InFlectis BioScience has announced the publication of a groundbreaking study in the peer-reviewed journal Life Science Alliance, showcasing the therapeutic potential of IFB-088 in treating amyotrophic lateral sclerosis (ALS). The study, titled 'Sephin1 reduces TDP-43 cytoplasmic mislocalization and improves motor neuron survival in ALS models,' provides preclinical evidence that IFB-088, a modulator of the Unfolded Protein Response (UPR), significantly mitigates the pathological hallmarks of ALS.
The research, conducted in collaboration with leading European academic and clinical institutions, demonstrates that IFB-088 reduces cytoplasmic mislocalization of TDP-43, a feature present in 97% of ALS cases, and decreases abnormal RNA splicing linked to TDP-43 nuclear loss of function. These findings suggest a novel approach to ALS therapy, targeting the cellular stress response to offer broader therapeutic benefits than current treatments focusing on single genes.
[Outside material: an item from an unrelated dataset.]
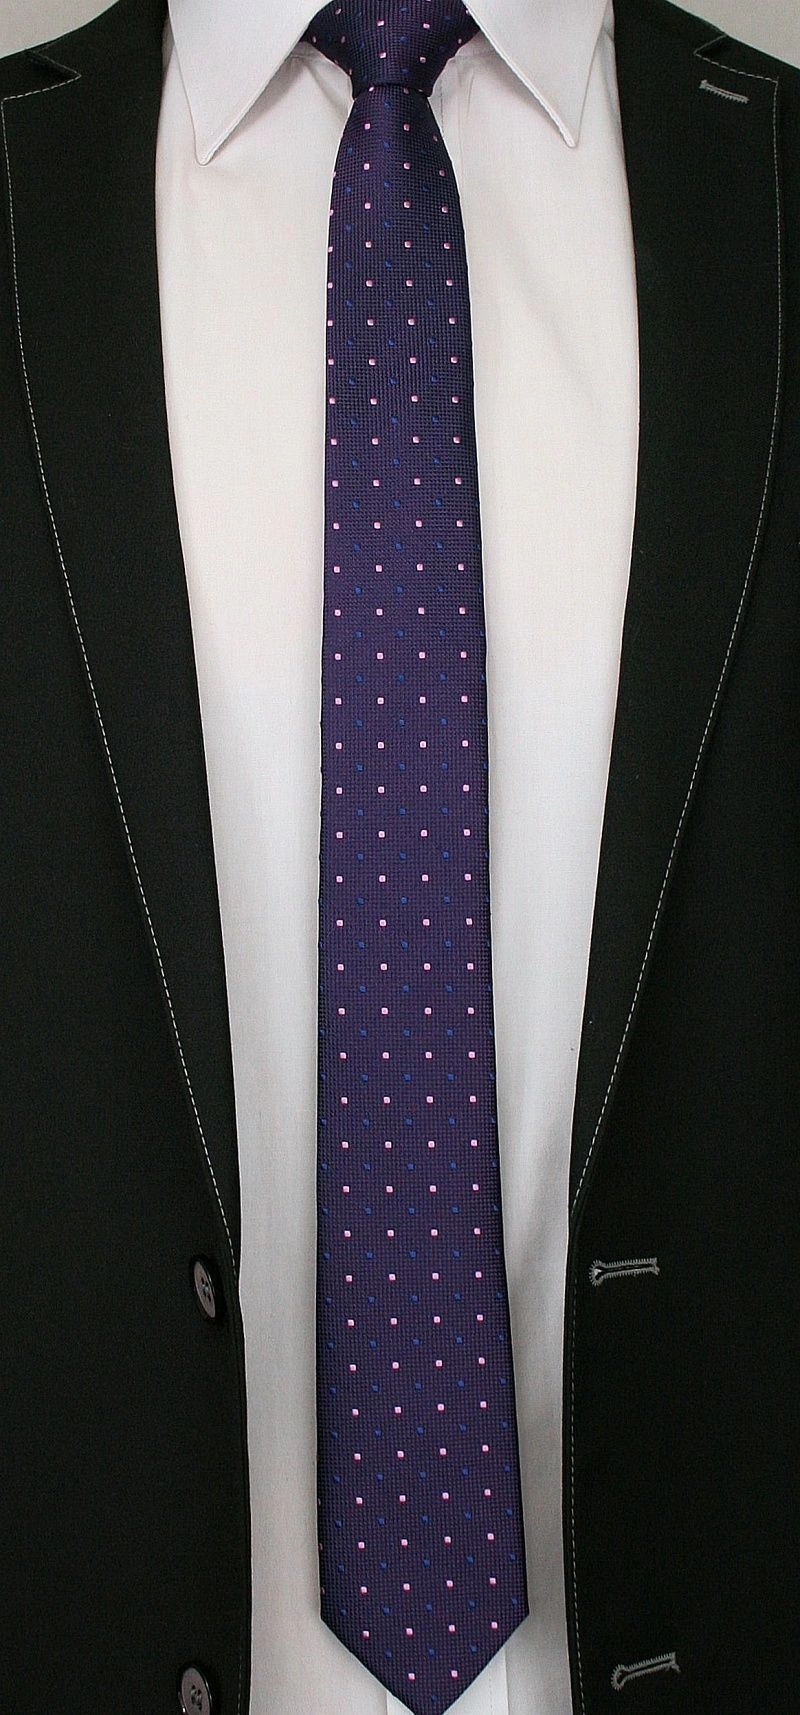 Fioletowy Elegancki Krawat Męski -ALTIES- 6 cm, w Niebiesko-Różowe Kropki

Dr. Emmanuelle Abgueguen, the study's lead author, emphasized the significance of IFB-088's mechanism of action, which addresses the root cause of TDP-43 proteinopathy. The study's results, showing improved motor neuron survival and function in various ALS models, including SOD1G93A mice and TDP-43 transgenic zebrafish, underscore the compound's potential as a disease-modifying therapy.
InFlectis BioScience is advancing IFB-088 through clinical development, with a recently completed Phase II trial in bulbar-onset ALS patients. Dr. Pierre Miniou, COO of InFlectis BioScience, highlighted the importance of securing partnerships to finance upcoming Phase 2B clinical trials, crucial for bringing IFB-088 to patients in need. The full study is available via the Life Science Alliance website, marking a significant step forward in the quest for effective ALS treatments.